The Internet and e-Business seem to go hand-in-hand
nowadays. Companies want to know how the Internet can be leveraged for
business, just as their counterparts in the US seem to be using
it. This column explores five key trends which provide the background
for enabling e-Business in the Internet Age.
The Death of Distance
In a landmark Economist survey a few years ago, the author talked
about how geography was becoming irrelevant in telecom. The Net is
making this more so. While voice telephony itself has not much
affected much so far in India, email has made it so much more
convenient to keep in touch and conduct business with customers
worldwide. Internet telephony will speed this process, and will be
beyond regulators. The Net cuts through barriers imposed by space and
time. Businesses in India have to brace up for competition from
everywhere. At the same time, it opens up opportunities for Indian
companies to do business internationally. The world is becoming more
of a village, than ever before.
The Exchange Economy
A recent article in Fortune magazine talks about “infomediaries”,
online exchanges that link buyers and sellers by effectively
distributing market information. It says that infomediaries are a
cross between electronic catalogs, efficient marketplaces that greatly
reduce transaction costs, and content libraries, which help companies
make purchasing decisions. This trend will impact many businesses in
India, as the Net becomes the electronic meeting and trading
place. The combination of content, communications, community and
commerce is the foundation on which an infomediary will be built. This
is a big opportunity area in India: set up infomediaries for vertical
segments.
The Net as your Intranet
In India, as I have mentioned in earlier columns, the killer
application for corporates is e-mail. Limitations on wide area
bandwidth and high costs will make it easier for companies to
interconnect their offices in different locations via the Internet
than through their own network. The Net effectively becomes the
corporate Intranet server, seamlessly merging internal and external
information. Just as portals like Yahoo and Excite offer utility
services like email, chat and calendaring, companies will use these
services within their organisation, but served off the Internet. This
will allow access anytime and from anywhere. All that will be required
is a Web browser on the desktop.
The Powerful Consumer
As information dissemination via the Net becomes easier, more
companies will put up greater information on the Net. The result:
power to the consumer, who will easily compare product/service
features of competing products. One area where this is already
happening is banking, where sites offer comparisons of interest rates
offered from different banks on a single page! There will be an
increase in such comparator sites in India. Combined with the other
trends, it means that the future battles will be based on price and
service, not physical proximity to the customer.

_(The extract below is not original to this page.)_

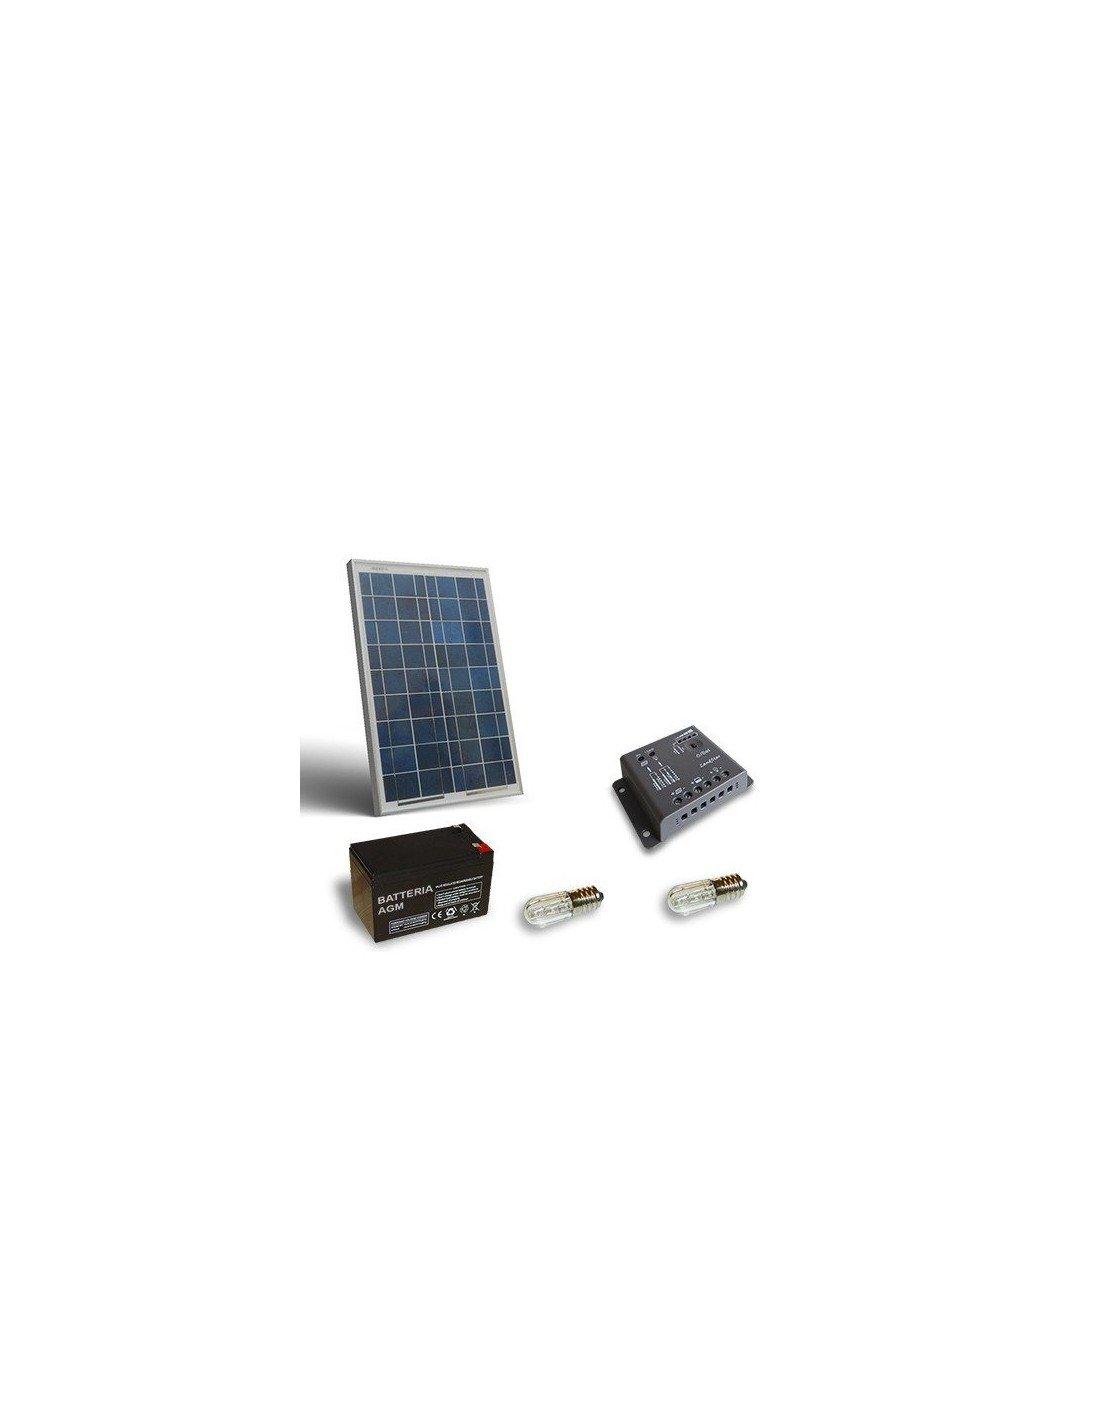 Regolatore Di Carica Pannello Solare : Kit solare votivo w pannello fotovoltaico batteria ah

Content meets Distribution
An interesting point was made by management guru CK Prahalad at a
seminar recently. India’s telephone connections may be 15-20 million,
but access to telephony is higher by a factor of 20-30, if not
more. PCOs have succeeded in taking telephony to the masses. Similarly
for the Internet. While abroad the ratio is nearly 1:1 between access
and connections, in India the access multiplier can become as high as
100 if we can set up a network of Internet kiosks (or community
centres) across the country. Cybercafes are the first generation
kiosks. They make Net access available without the need for a PC at
home or in the office. Building up a grassroots distribution system
via a network of kiosks (with, perhaps, a smart card payment system, a
regional-language browser and local content) will make Net access near
ubiquitous across the country within the next 5 years. What is
required: e-Services.
The Internet will have a much bigger impact on India than we can
imagine. We have to create our own business models; just trying to
replicate business models from the US is not the answer. And that is
where the opportunities of tomorrow lie.